Em 1956, a Argélia é um território francês mergulhado numa profunda crise política, com movimentos nacionalistas a reivindicarem a independência – ou, pelo menos, a igualdade de direitos face aos europeus, enquanto as autoridades coloniais procuram manter o status quo por todos os meios, incluindo acções bárbaras por parte das forças armadas e da polícia.
É para este ambiente que Joseph Andras nos transporta, em “Dos Nossos Irmãos Feridos” (Antígona, 2021), para contar a história de um operário idealista de ascendência europeia, que cresceu num bairro maioritariamente árabe. O seu nome é Fernand Iveton (1926-1957) e, pouco tempo após a perda de um irmão, morto por ter desertado do exército francês para entrar na clandestinidade e apoiar o movimento independentista argelino, coloca uma bomba numa fábrica. O acto, planeado em conjunto com um grupo rebelde que reúne europeus e árabes de várias crenças, é simbólico, calculado de maneira a causar apenas danos materiais, pois Iveton condena a violência cega e não pretende matar ninguém. Devido a uma denúncia, a bomba é localizada e nem sequer explode, mas isso não o salva de ser preso, torturado e condenado à morte.

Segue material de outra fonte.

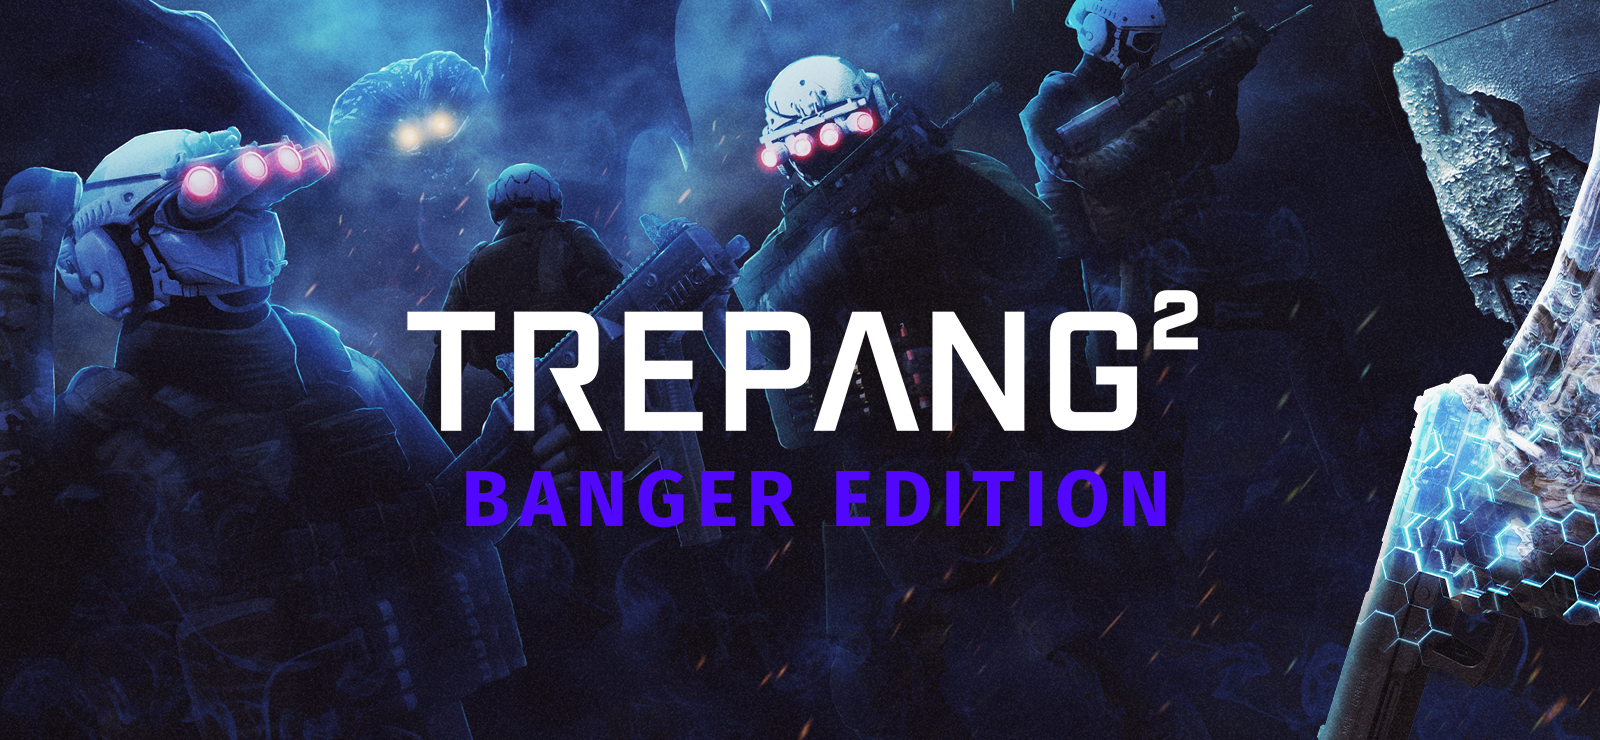 Trepang2 - Banger Edition

Numa escrita fluida, o autor recria o mundo interior do protagonista, onde o amor pela esposa só é comparável ao desejo de contribuir para a criação de uma nova Argélia, “em que o colonialismo não passará de uma má recordação, um parêntese funesto na narrativa da exploração do homem pelo homem, o país onde os árabes não terão de curvar a espinha, o país onde o Estado será soberano e independente da França”. Até à madrugada em que é despertado e conduzido à guilhotina, Iveton acredita que a condenação à pena capital será comutada em tempo de prisão, por ser “impossível que o executem sem ter matado ninguém”. Afinal, “a França pode ser uma república colonial e capitalista, mas não é uma ditadura; saberá ter em conta as circunstâncias”. Contudo, para a França, que recusa admitir que está a decorrer uma guerra, “ele é o traidor, o infame, o branco vendido aos mouros”. A opinião pública exige que sirva de exemplo, e o facto de ser um militante comunista também não contribui para conquistar a simpatia popular.
Graças a esta obra, o autor que se escuda sob o pseudónimo Joseph Andras foi distinguido em 2016 com o Prémio Goncourt para romance de estreia, mas recusou-o, pois a sua visão da literatura “não é compatível com a ideia de competição, e a concorrência e a rivalidade são alheias à escrita e à criação”. Não será irrazoável deduzir desta afirmação que a empatia entre ele e este seu protagonista contribuiu para a escrita de um texto ao qual é impossível ficar indiferente.